What this task involves
In the data below, the answer is the run of lines from the line containing "Chris Buck, Los Angeles, CA" through the line containing "UDG_1965_DancePrograms-001-01.jpg", both included; print it exactly and nothing else.
** Opening Given entries block **
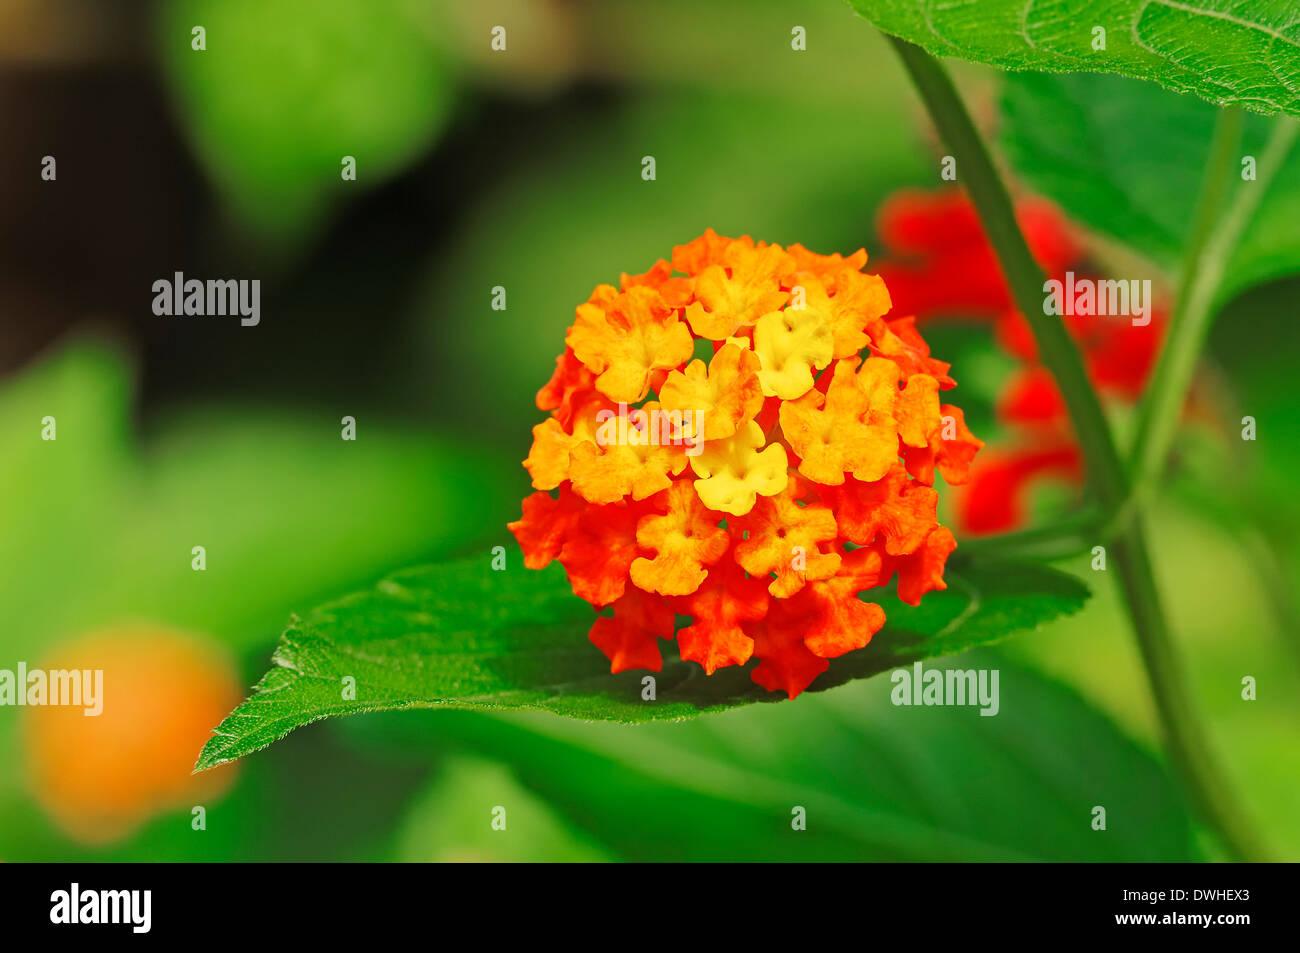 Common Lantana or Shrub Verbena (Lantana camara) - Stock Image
** Closing Given entries block **
** Opening Given entries block **
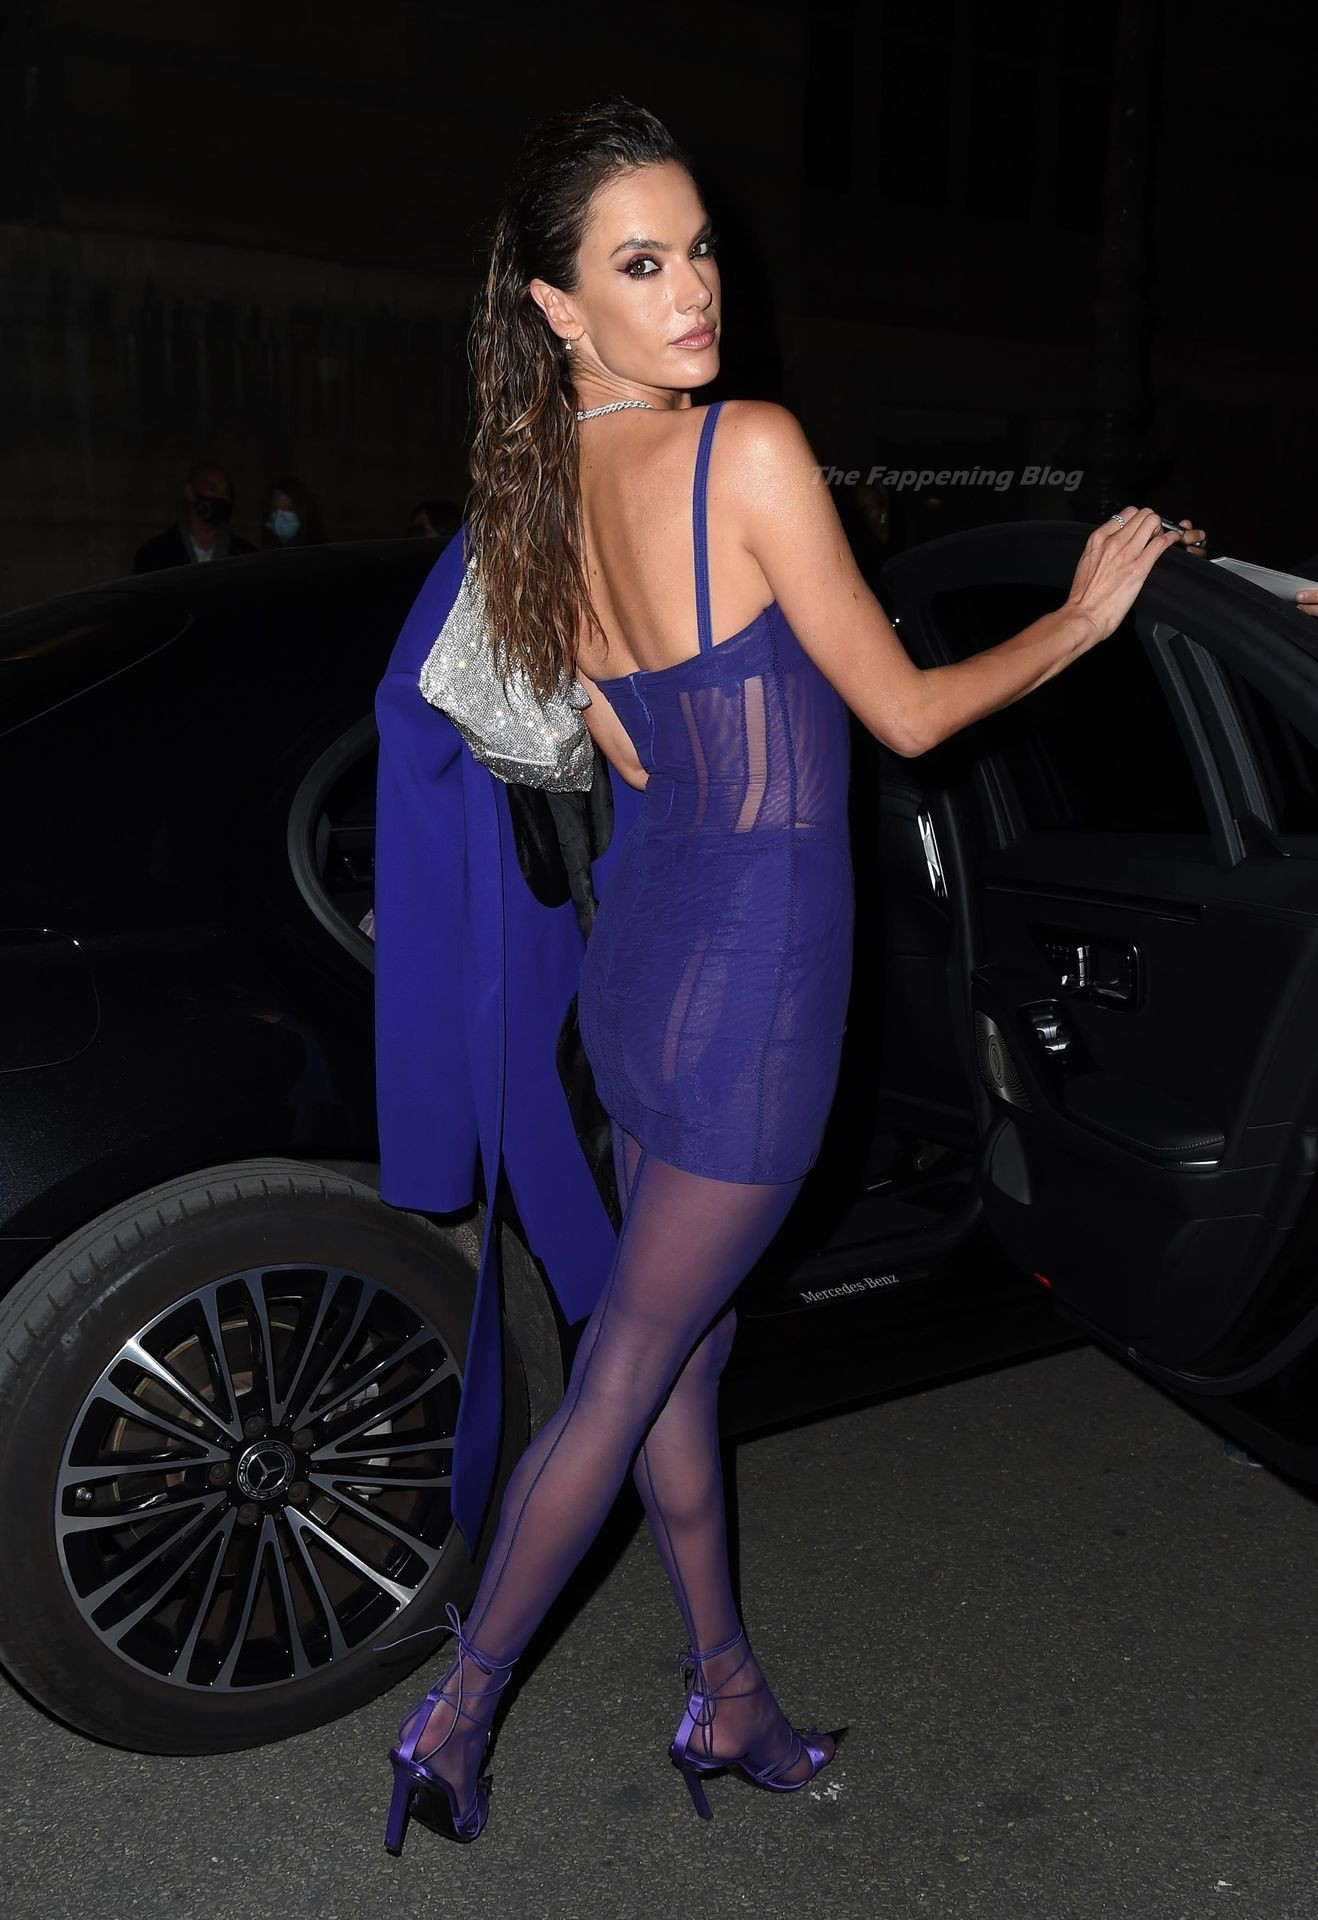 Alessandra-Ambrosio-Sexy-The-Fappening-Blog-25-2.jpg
** Closing Given entries block **
** Opening Given entries block **
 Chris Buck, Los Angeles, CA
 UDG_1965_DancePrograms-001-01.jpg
** Closing Given entries block **
Response to the exercise
 Chris Buck, Los Angeles, CA
 UDG_1965_DancePrograms-001-01.jpg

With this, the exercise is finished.